06.03.2009

 
   

Infrasound Pulsation in Ranchlands, Alberta


Canada: Humdinger of a Noise Keeps Neighbours Up at Night

CBC News
June 3, 2009

A mysterious noise has a handful of residents in a Calgary neighbourhood losing sleep and patience, yet no one can find the source of the aggravating sound.

Dana Negrey, who lives in the northwest community of Ranchlands, said he has been bothered by the sound for almost a year.

"It doesn't go away. It's here all the time. You can't relax. You can't sleep," he said. "It's also just the concept of driving home after work, and actually tensing up physically because you know when you walk through that door you can't relax."

Utility companies, fire crews and bylaw officers have come up empty.

Noise engineer Richard Patching detected the steady, faint tone during an interview in the neighbourhood with CBC News. He describes it as a kind of "hmmmmm."

"My machine picked it up. It's quite low, but it's definitely there," he said.

A CBC reporter heard the sound, but couldn't record it.


U of C Professor Investigating

Owen Watson and his fiancée started hearing what he calls a distant vacuum cleaner sound a few months ago.

"For a month, we lost a lot of sleep trying to find diversionary tactics to mask the noise. There's still noise," he said.

When he complained to the neighbourhood community association, Watson found out he wasn't alone. So neighbours in the northwest community contacted Patching and Marcia Epstein, an assistant professor and acoustic ecologist at the University of Calgary, for help.

Epstein is taking on the mystery hum as a research project.

"On a real basic level sleep disruption is frustrating, so it will lead to irritability, it will lead to decreased ability to withstand the everyday annoyances," she said.

Epstein said it may take years to find the source, if they ever find it.




Ranchlands Residents Hear Strange Noises

CTV News
February 7, 2009

Calgary - Some residents of Ranchlands say they have been hearing some strange noises in their community.

"It's almost like a giant refrigerator just getting louder and louder and louder," says Dana Negrey, a resident of the northwest neighbourhood. "Our neighbours on both sides have commented [on hearing the noise] and done their own pursuits to a degree...one neighbour, in fact, thought I was out at 4 a.m. with a leaf blower."

Negrey says he first heard the noise last summer.

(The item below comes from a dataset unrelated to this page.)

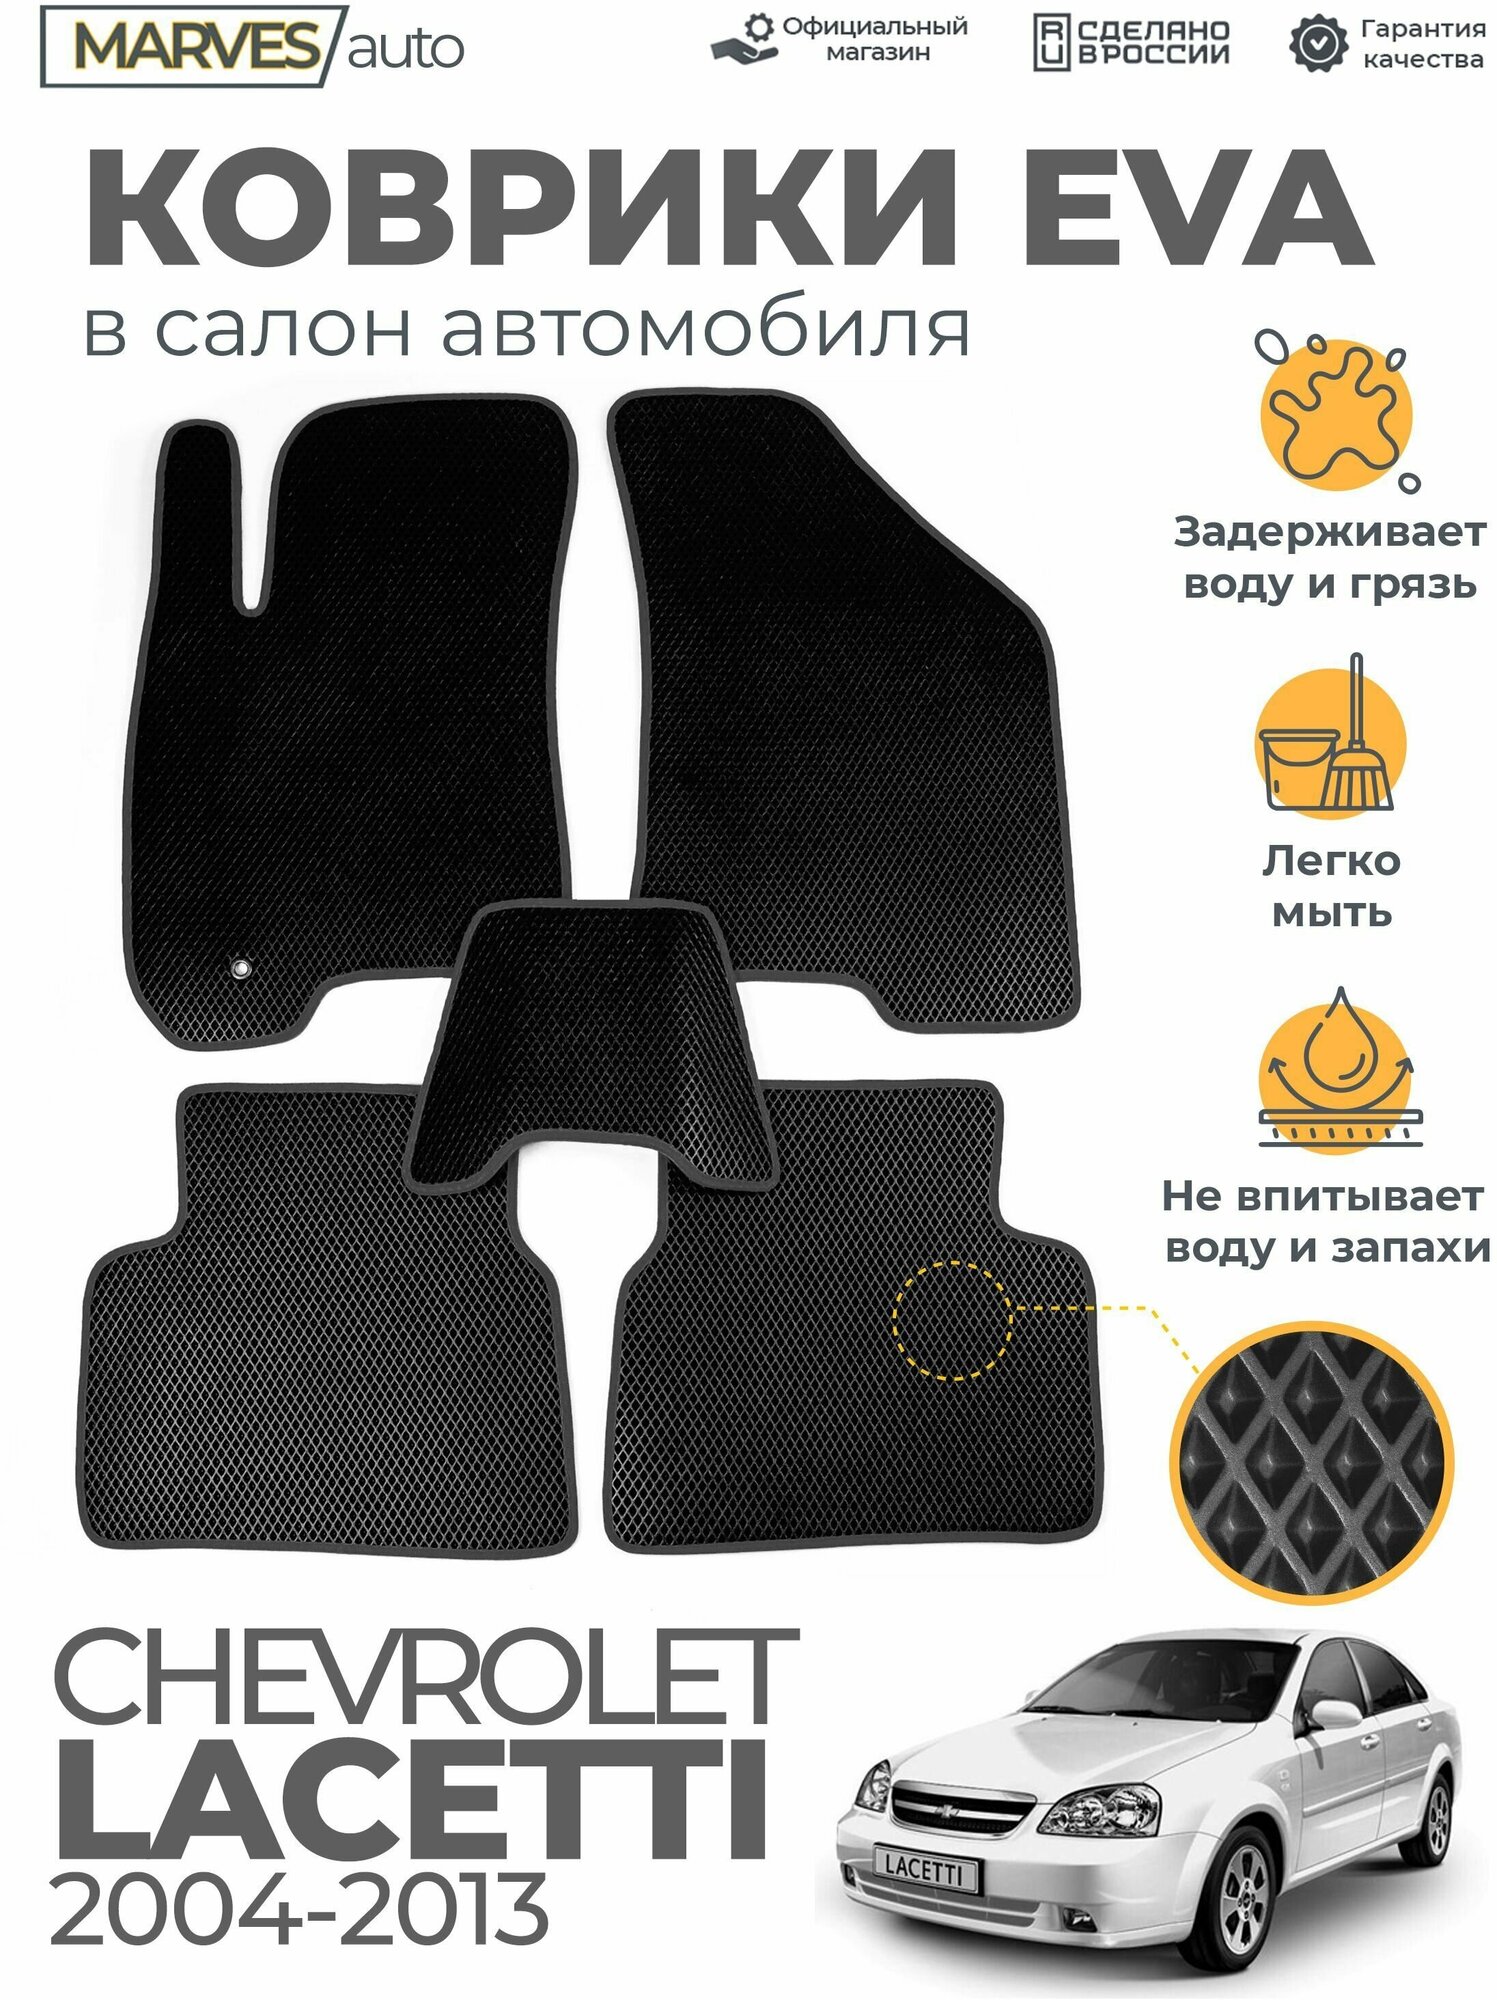 Коврики EVA (ЭВА, ЕВА) в салон автомобиля Chevrolet Lacetti (2004-2013), комплект 5 шт, черный ромб/темно-серый кант
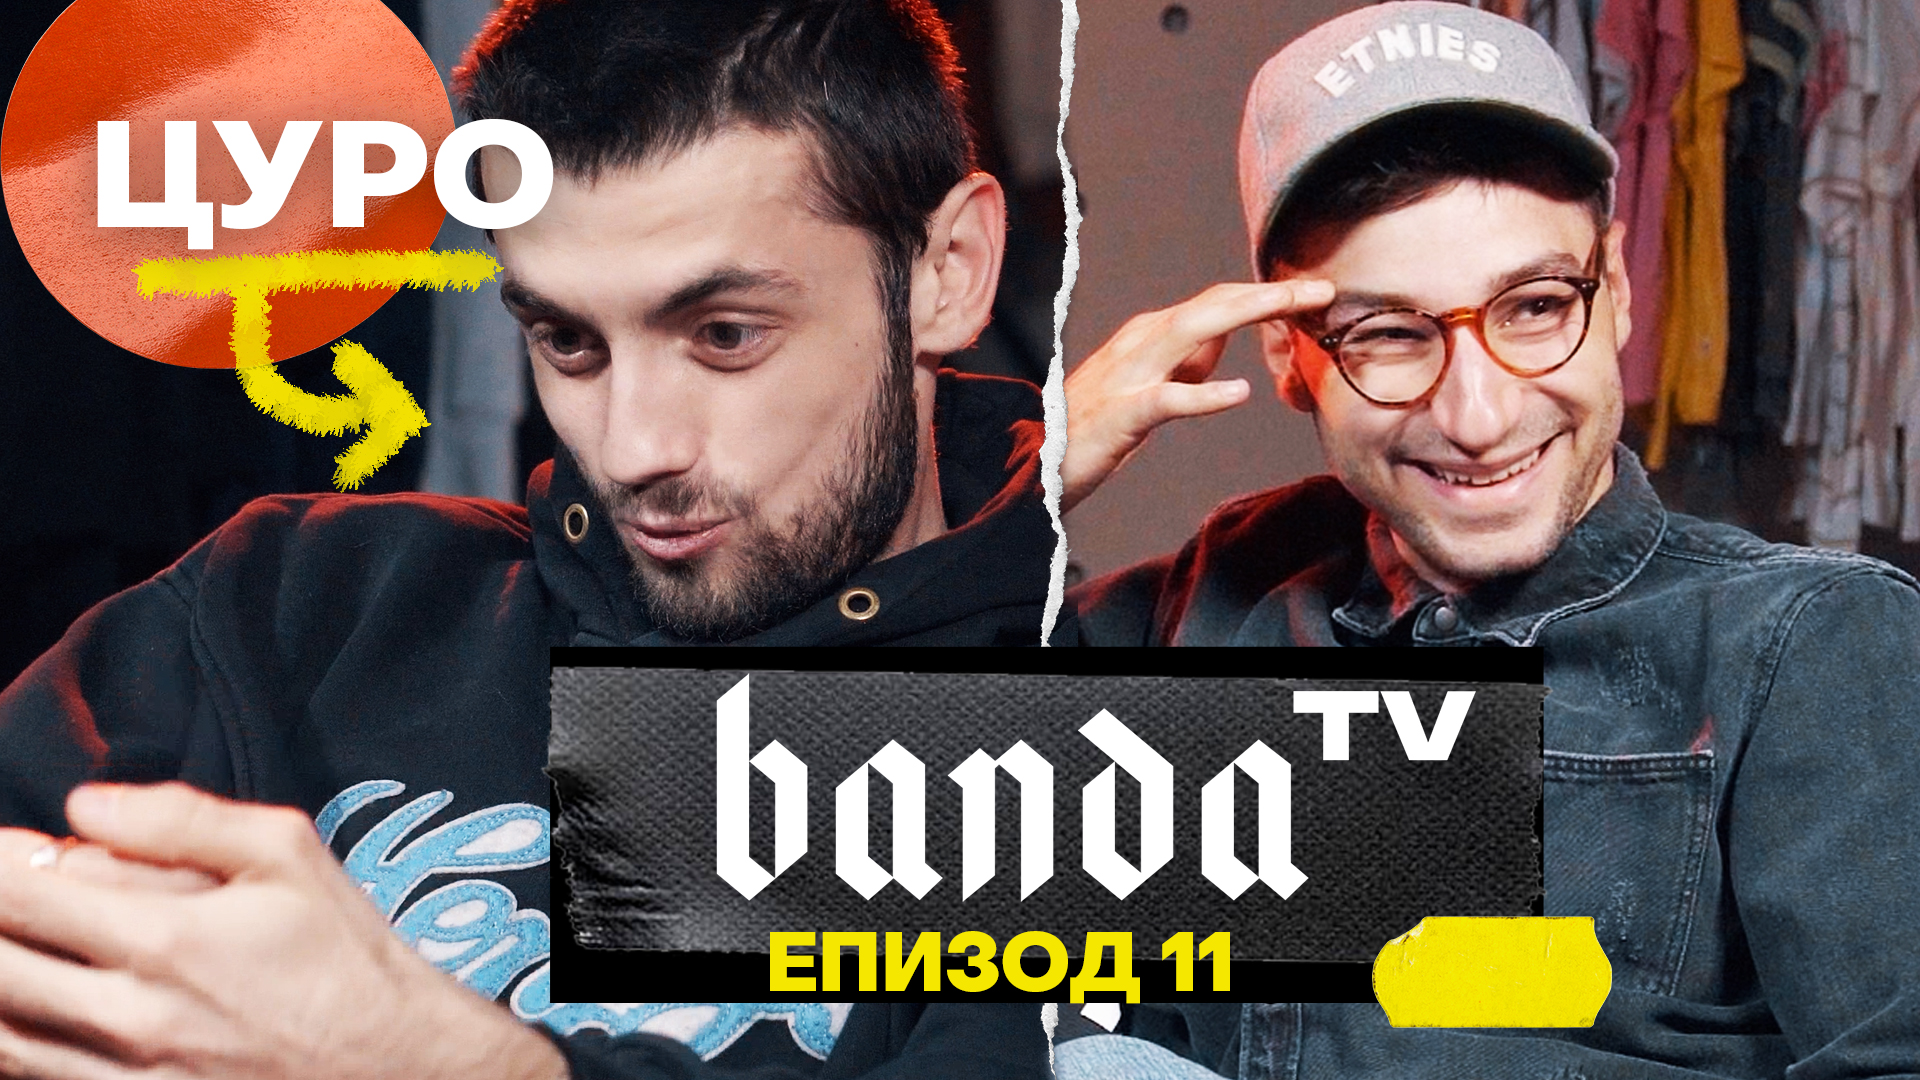 Banda TV - Цуро ин дъ хаус (ЕП. 11)

He has a sound-proof recording room in his basement and recorded the sound several times since. Negrey has gone to his alderman in hopes of solving the mystery.

"I understand Enmax came out and put measuring equipment on the lines. There were new meters installed, meters were checked, service lines were checked, furnaces were checked, heating systems were checked," says Alderman, Gord Lowe.

Negrey has also enlisted his community association to help find the source of the noise. The association's president says so far they have only been able to eliminate possibilities. "That's the process this whole thing is on right now...let's just keep looking and...if it's ruled out okay, that's fine, then let's find something else," says Terry Avramenko.

So far, nobody has been able to figure out what is causing the sound or where it is coming from.




Analysis

The persistent, low humming reported in the Ranchlands area is the result of an ultra-low frequency resonance of standing waves that converge on the location. The erratic source of these infrasound standing waves are solar flares transduced as atmospheric vibrations that are focused by the Orion pyramids of Giza, Egypt.

Ranchlands, Alberta (49.8°1N 114.14°W) is 6,541 miles from Giza, or 26.27% of the Earth's mean circumference distance of 24,892 miles. Native American traditions maintained a spiritual awareness of the heartbeat synchronization that is generated in these sacred places where humming is now ever-present.

The same effect has been noted in various other focal points around the world, most recently in Mawnan, Wales; Bridlington, England; Green bay, Wisconsin; Kimberley, Idaho; Wilmington, North Carolina; Anderson, Indiana and Sydney, Australia.

In various other cases, vibrating cellphones and shavers have spontaneously ignited by this same effect, as reported in Vallejo, California; the Berici Hills of northern Italy and in Messina, Sicily. Other infrasound focal points include Kishtwar and Ratria, India; Seattle, Washington; San Mateo and Santa Barbara, California.